# Aim of the task
Repeat, exactly and in full, the lines of the listing below, but without any pictures.

# Provided material
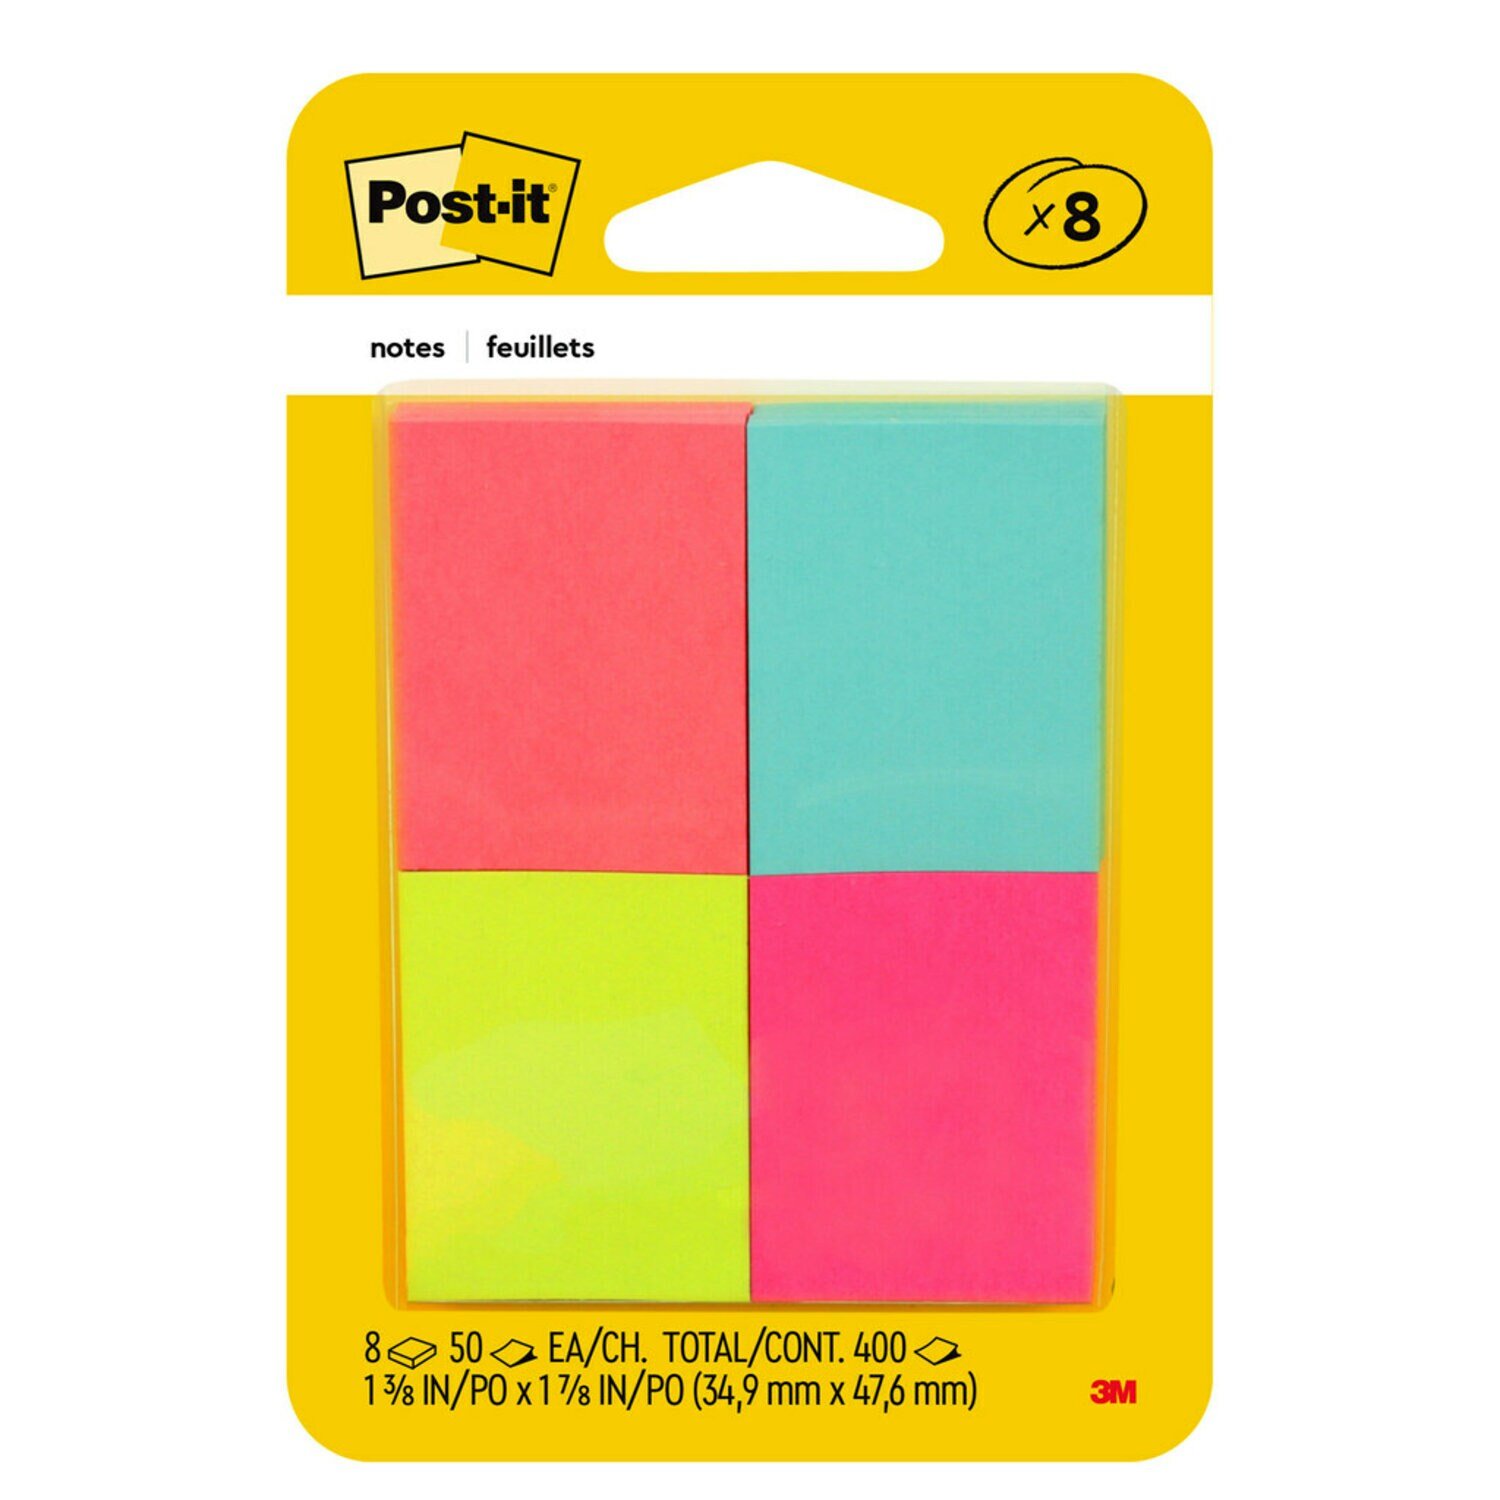 7010290101 - Post-it Notes 653-8AF, 1-3/8 in x 1-7/8 in (34,9 mm x 47,6 mm) Capetown
colors
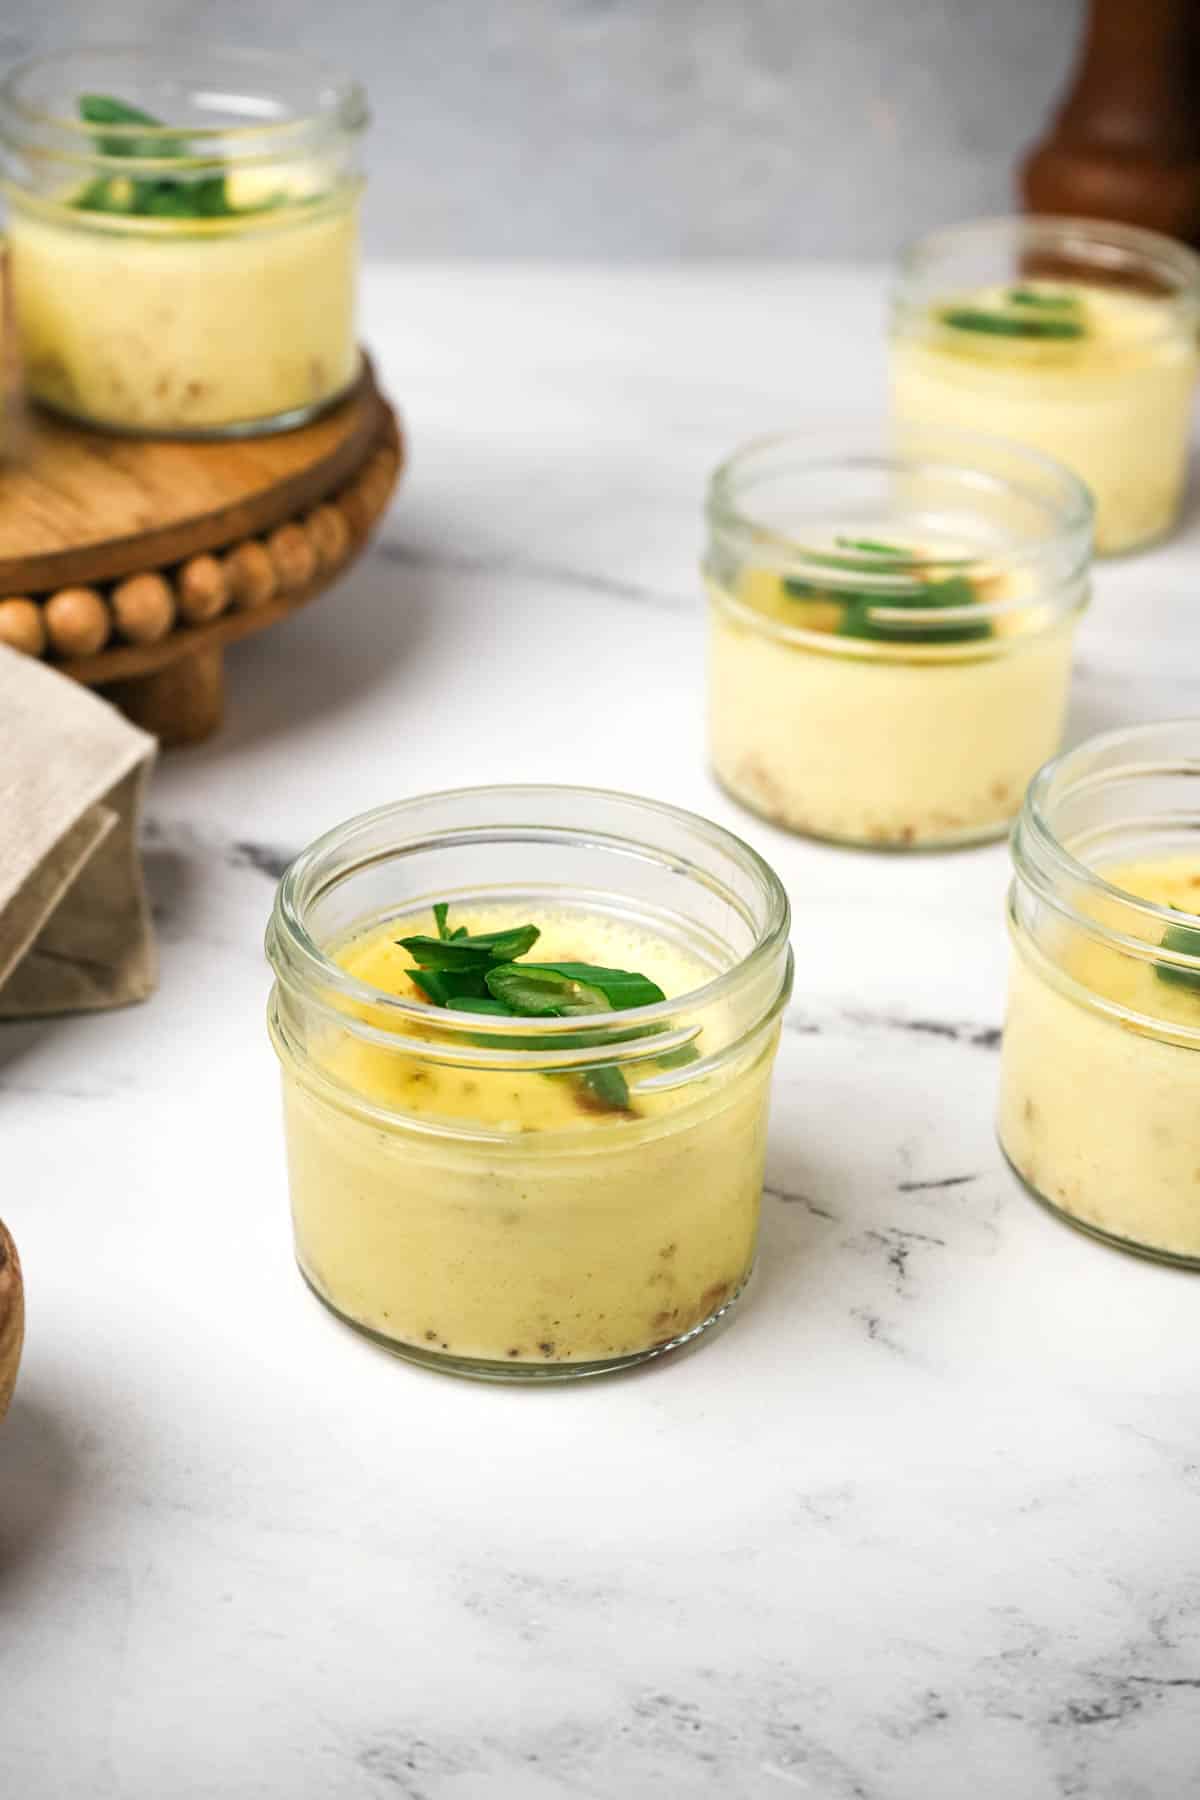 jars filled with yellow cooked egg and green garnishes
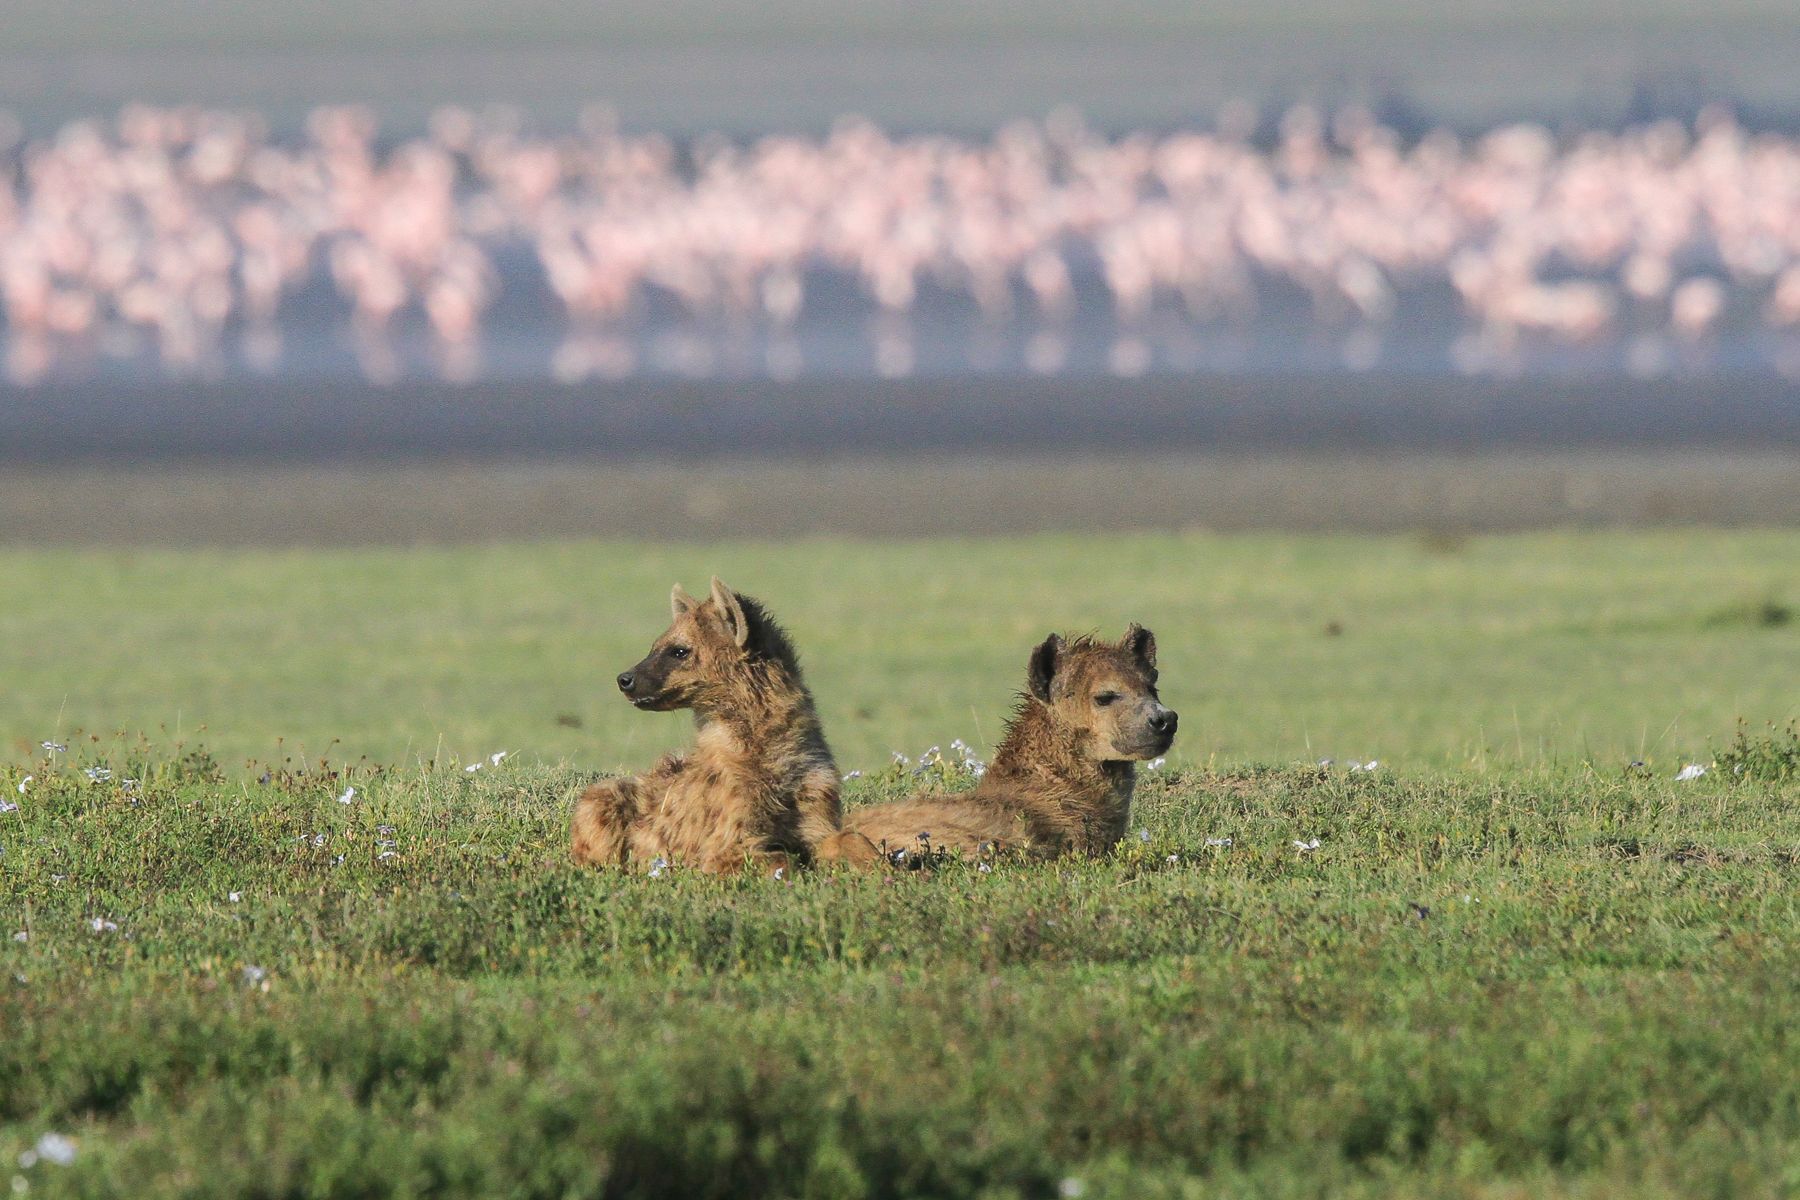 Ngorongoro's mammals, like these Spotted Hyaenas, often have a pink backdrop owing to the many flamingoes at the crater lake

# Completed exercise
 7010290101 - Post-it Notes 653-8AF, 1-3/8 in x 1-7/8 in (34,9 mm x 47,6 mm) Capetown
colors
 jars filled with yellow cooked egg and green garnishes
 Ngorongoro's mammals, like these Spotted Hyaenas, often have a pink backdrop owing to the many flamingoes at the crater lake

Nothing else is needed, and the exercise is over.